# Broadcom Corporation BCM43224

## FrankRizz0

Good morning all!

Having issues with my weefee (sorry wifi, I love saying weefee).  I haven't been able to get it going and I've followed quite a few wiki's and how-to's.I'm trying to use wpa_supplicant, and here is the output of lspci -k:

```
# lspci -k

03:00.0 Network controller: Broadcom Corporation BCM43224 802.11a/b/g/n (rev 01)

        DeviceName: WLAN

        Subsystem: Hewlett-Packard Company WMIB-275N Half-size Mini PCIe Card

        Kernel driver in use: bcma-pci-bridge

        Kernel modules: wl
```

When I try to load it through the gui there is no adapter listed.  Not sure where else to go at this point.

----------

## NeddySeagoon

FrankRizz0,

Can the kernel see it, look in ifconfig -a ?

If not, either the kernel module is missing on the firmware is not being loaded, or both.

What does dmesg have to say about firmware loading ... or not.

If  ifconfig -a shows the interface, its time to play with wpa_supplicant.
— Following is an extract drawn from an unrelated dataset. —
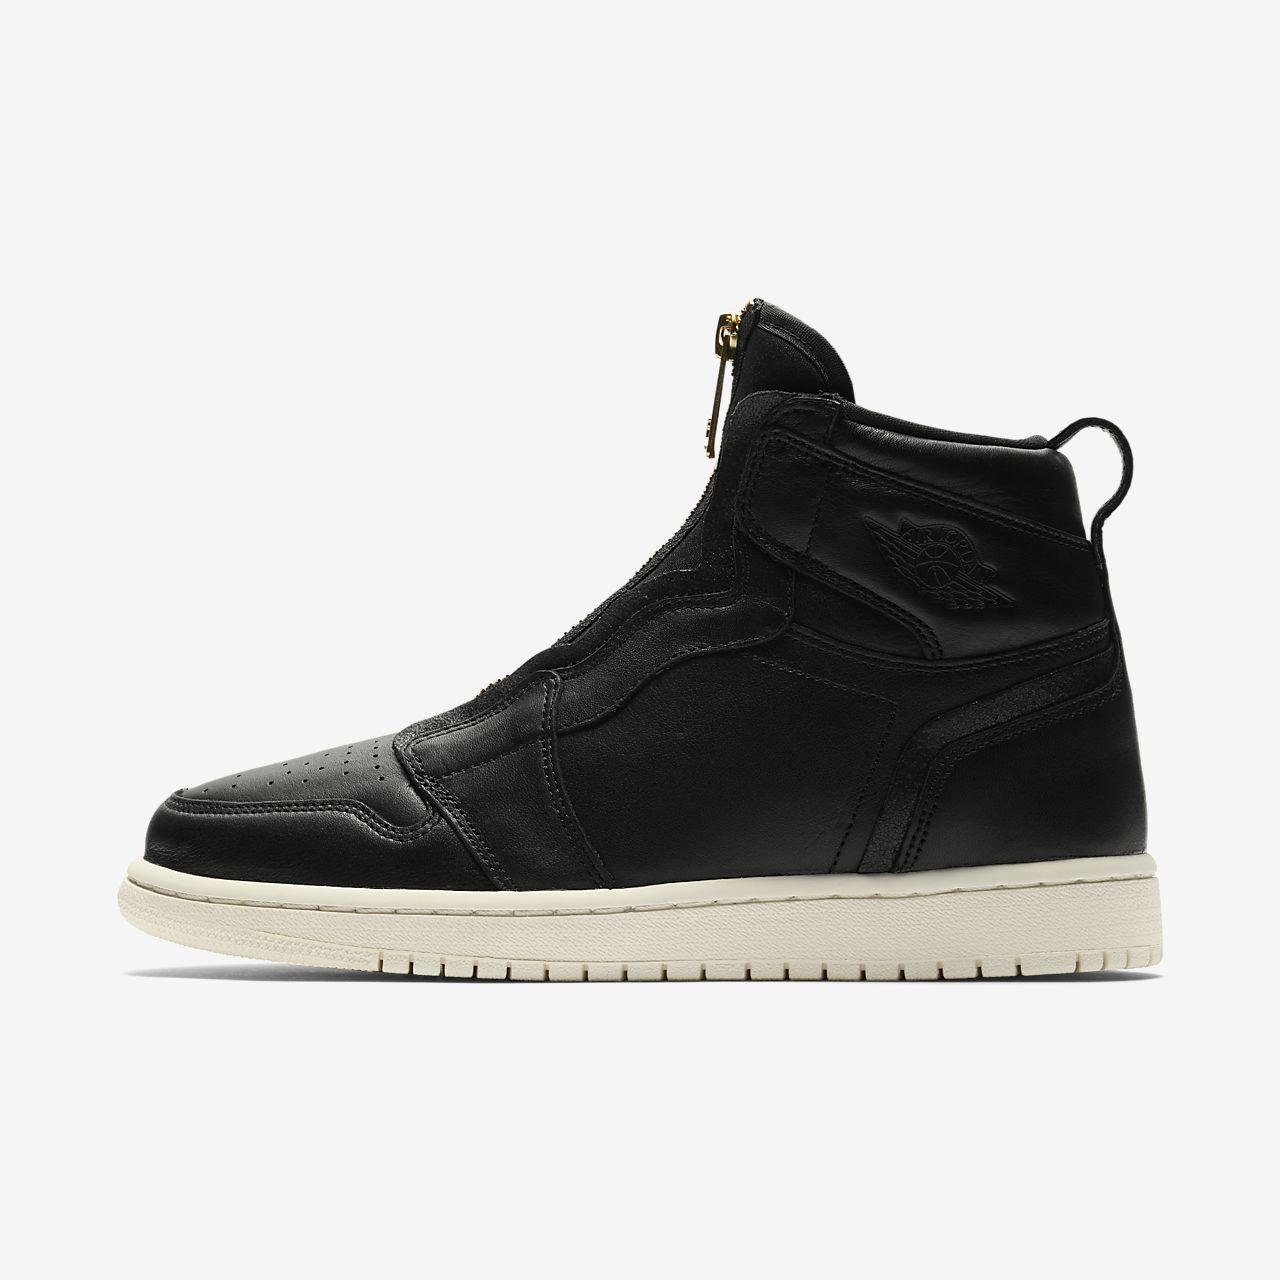 buy online c01c8 a9868 Calzado para mujer Air Jordan 1 High Zip

If the interface exists and you have configured wpa_supplicant and you nave tried to start the interface, then dmesg may have some messages about associating and authenticating. 

Its all good diagnostic information.

Once you have all the bits and you know it works, you can pass control to a GUI, if you still want to.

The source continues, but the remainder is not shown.